### What the task asks
Copy the following data exactly and drop the pictures.

### Data shown
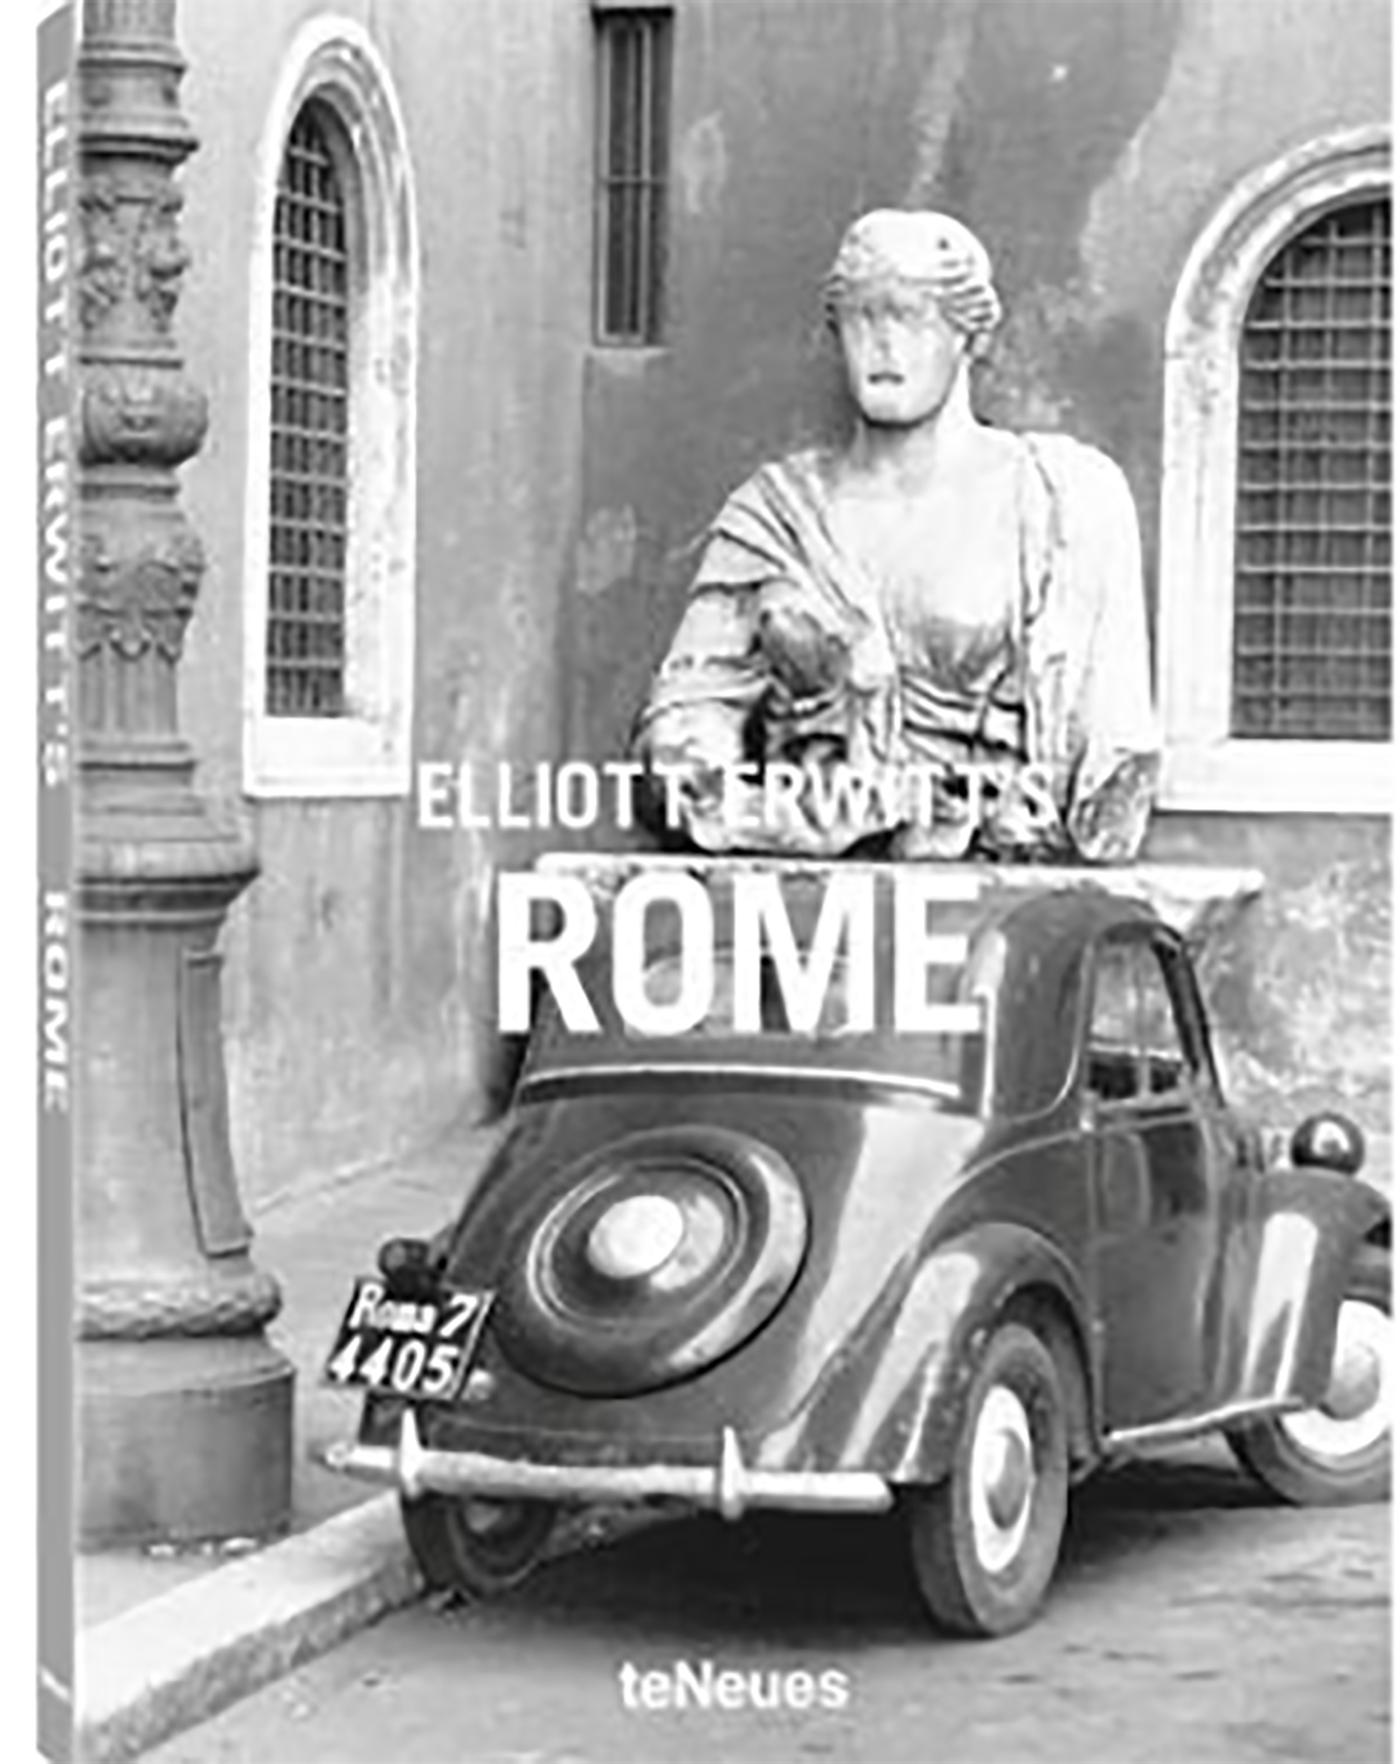 ROME SMALL FLEXICOVER EDITION
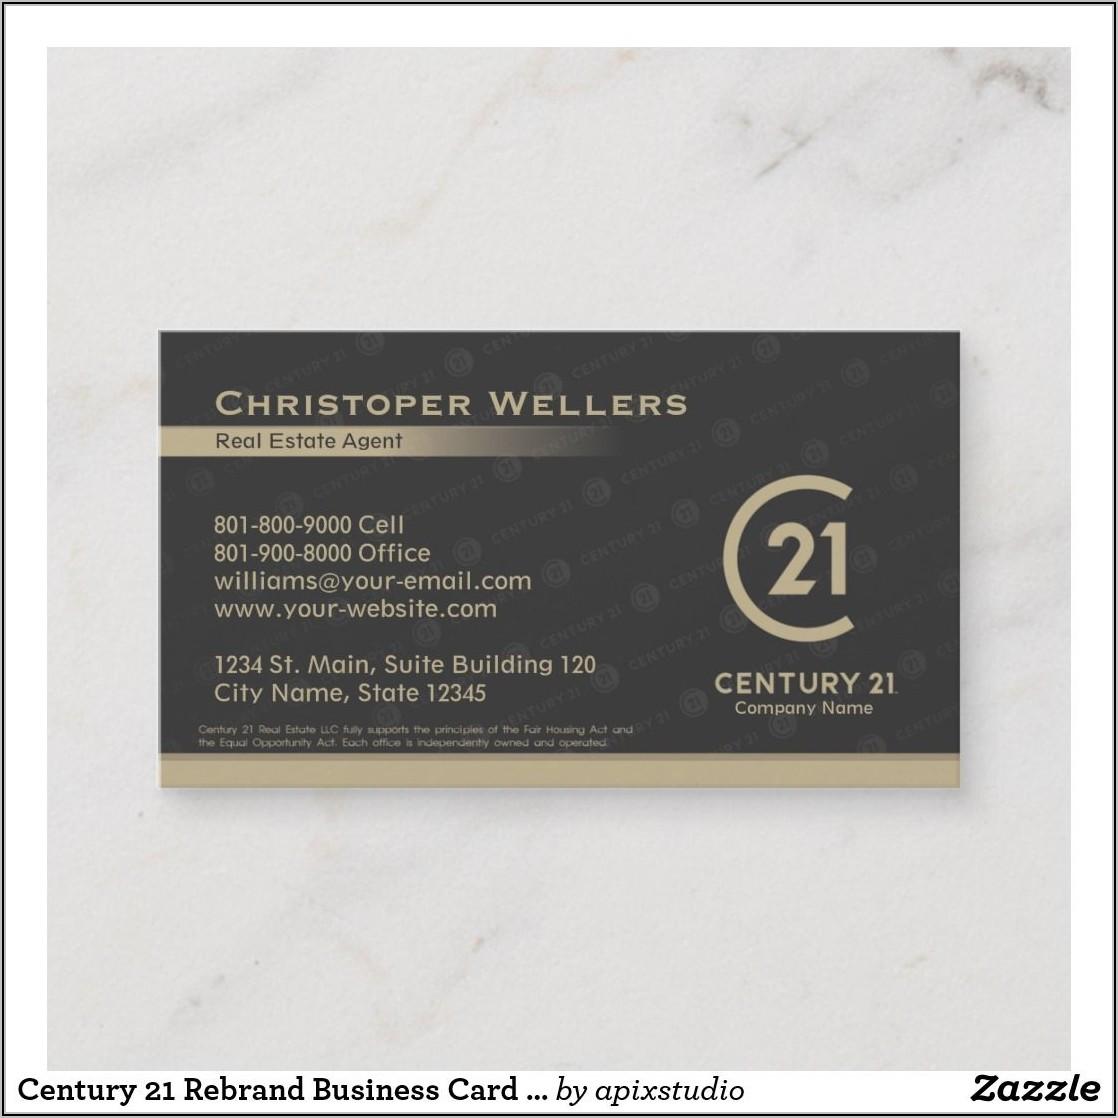 Century 21 Rebrand Business Cards
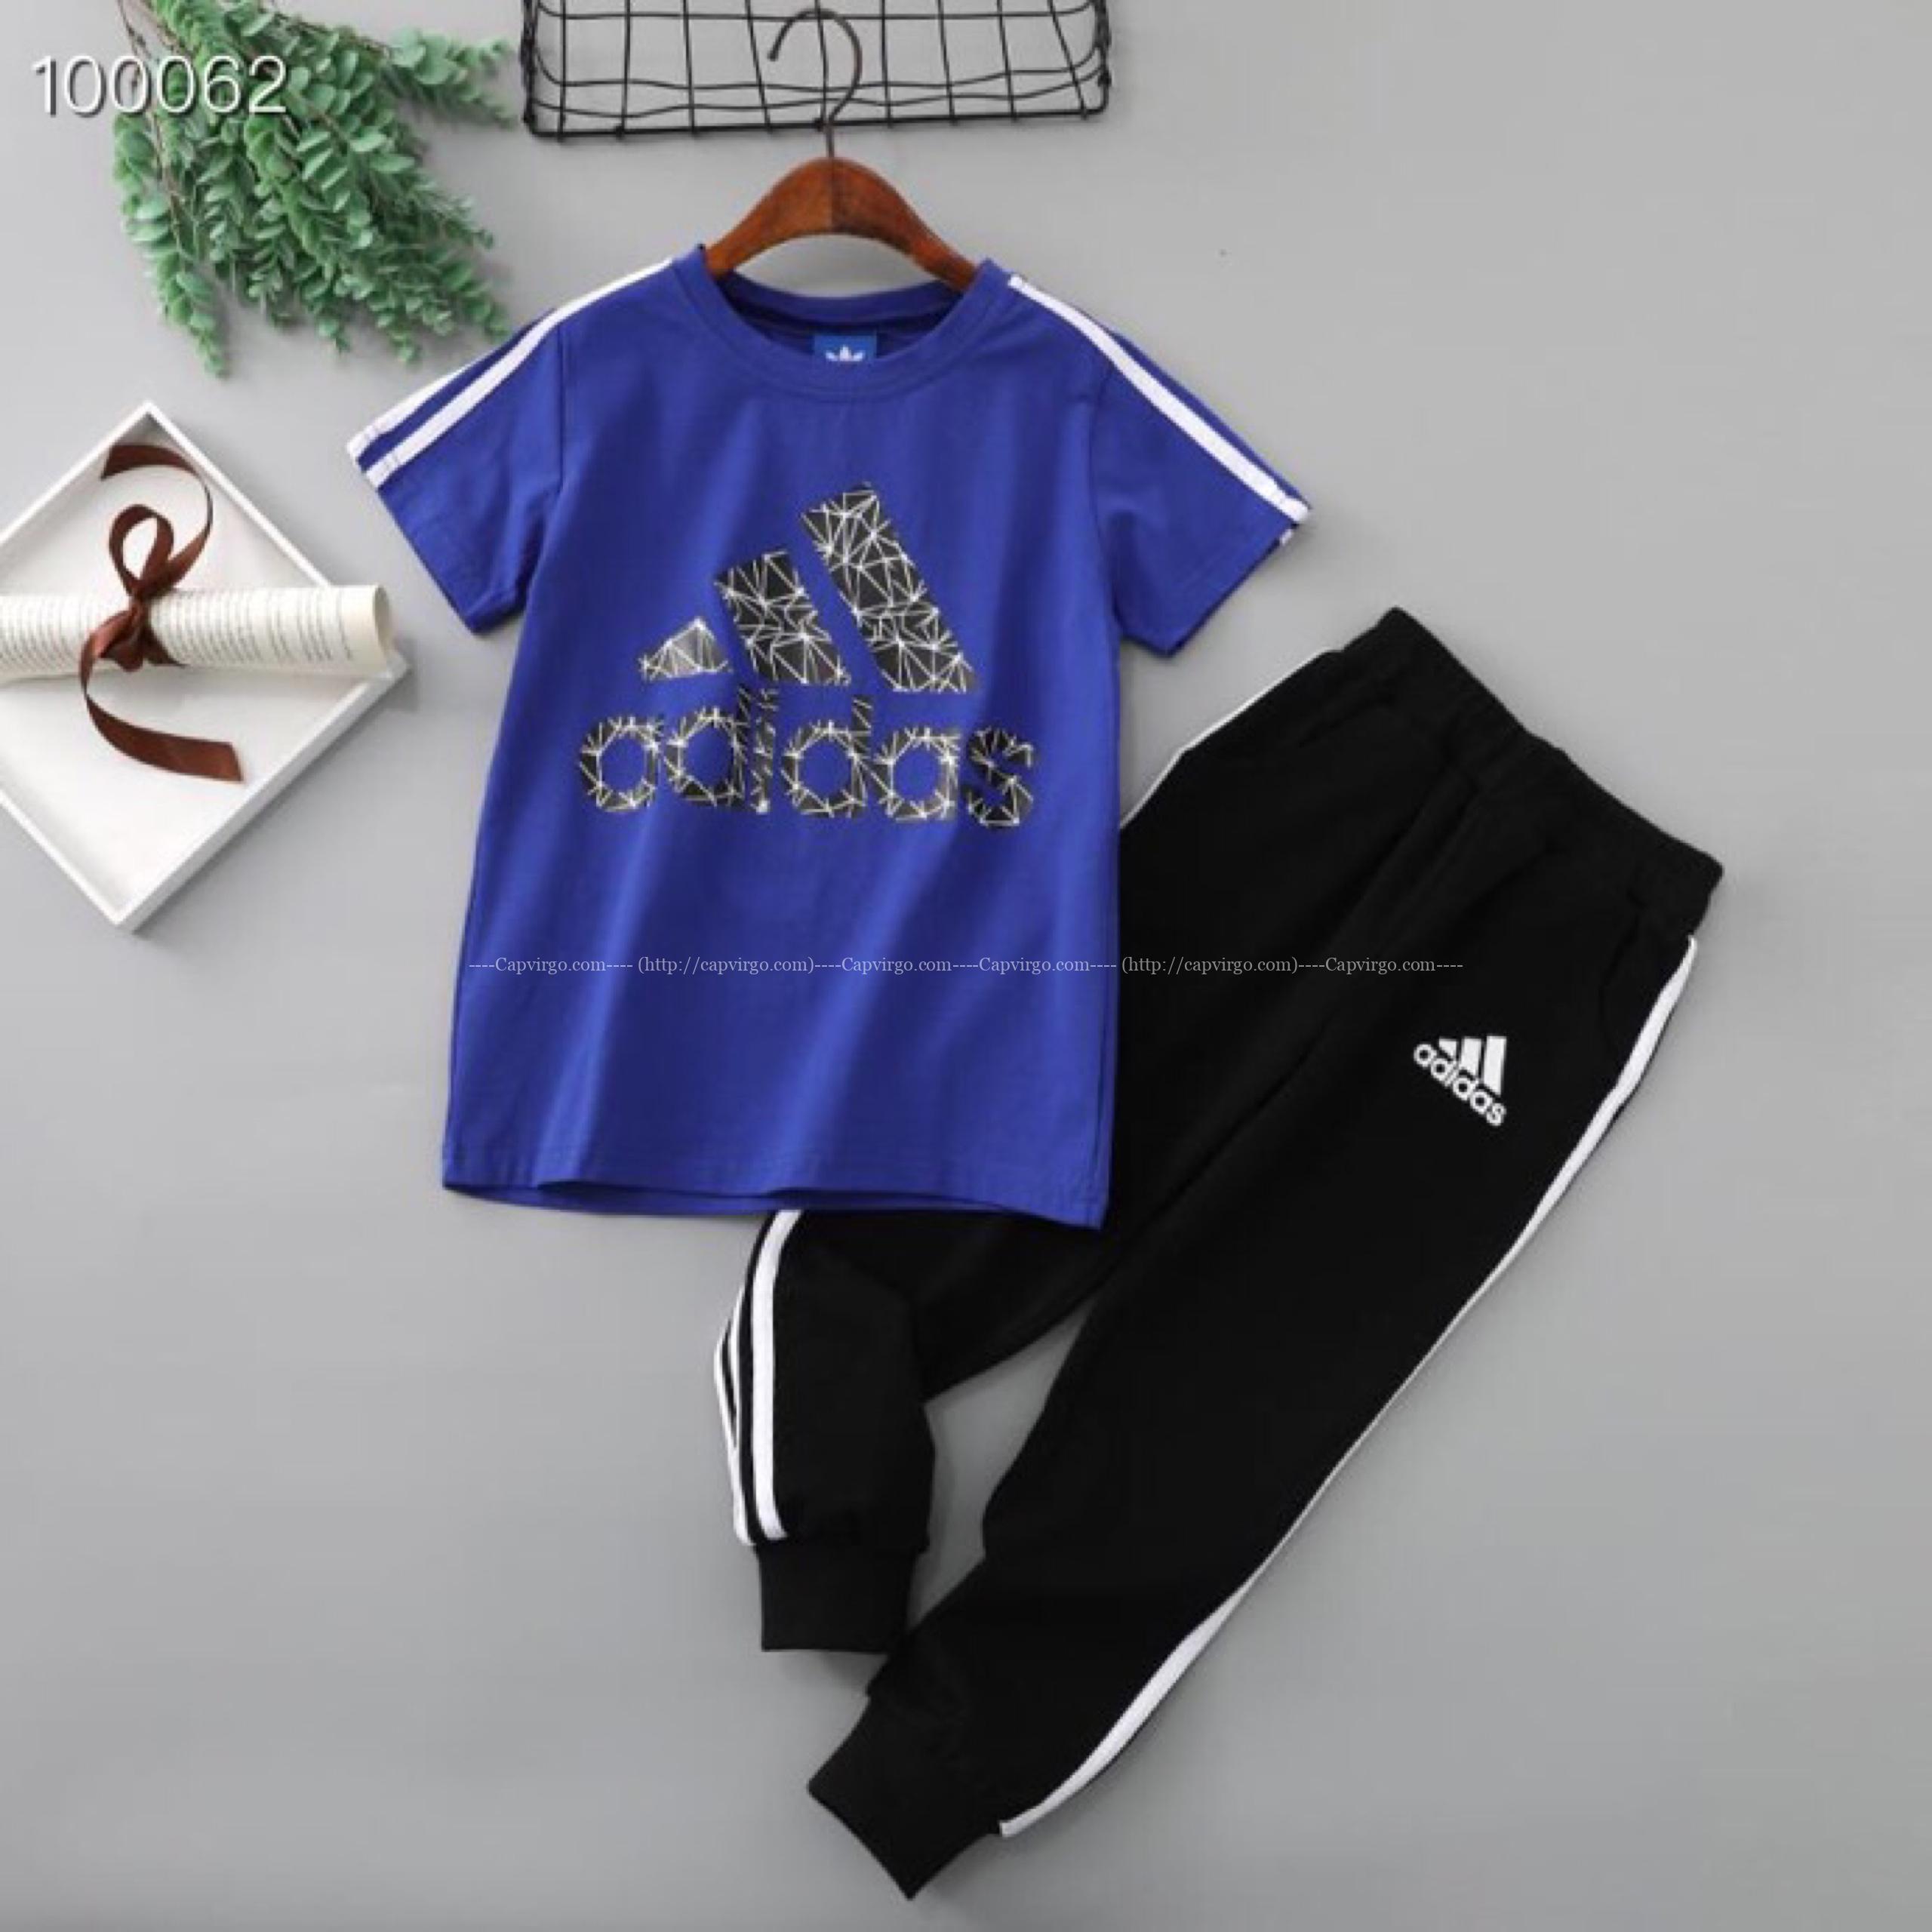 Bộ quần áo adidas trẻ em P850110170 logo họa tiết

### Exercise output
 ROME SMALL FLEXICOVER EDITION
 Century 21 Rebrand Business Cards
 Bộ quần áo adidas trẻ em P850110170 logo họa tiết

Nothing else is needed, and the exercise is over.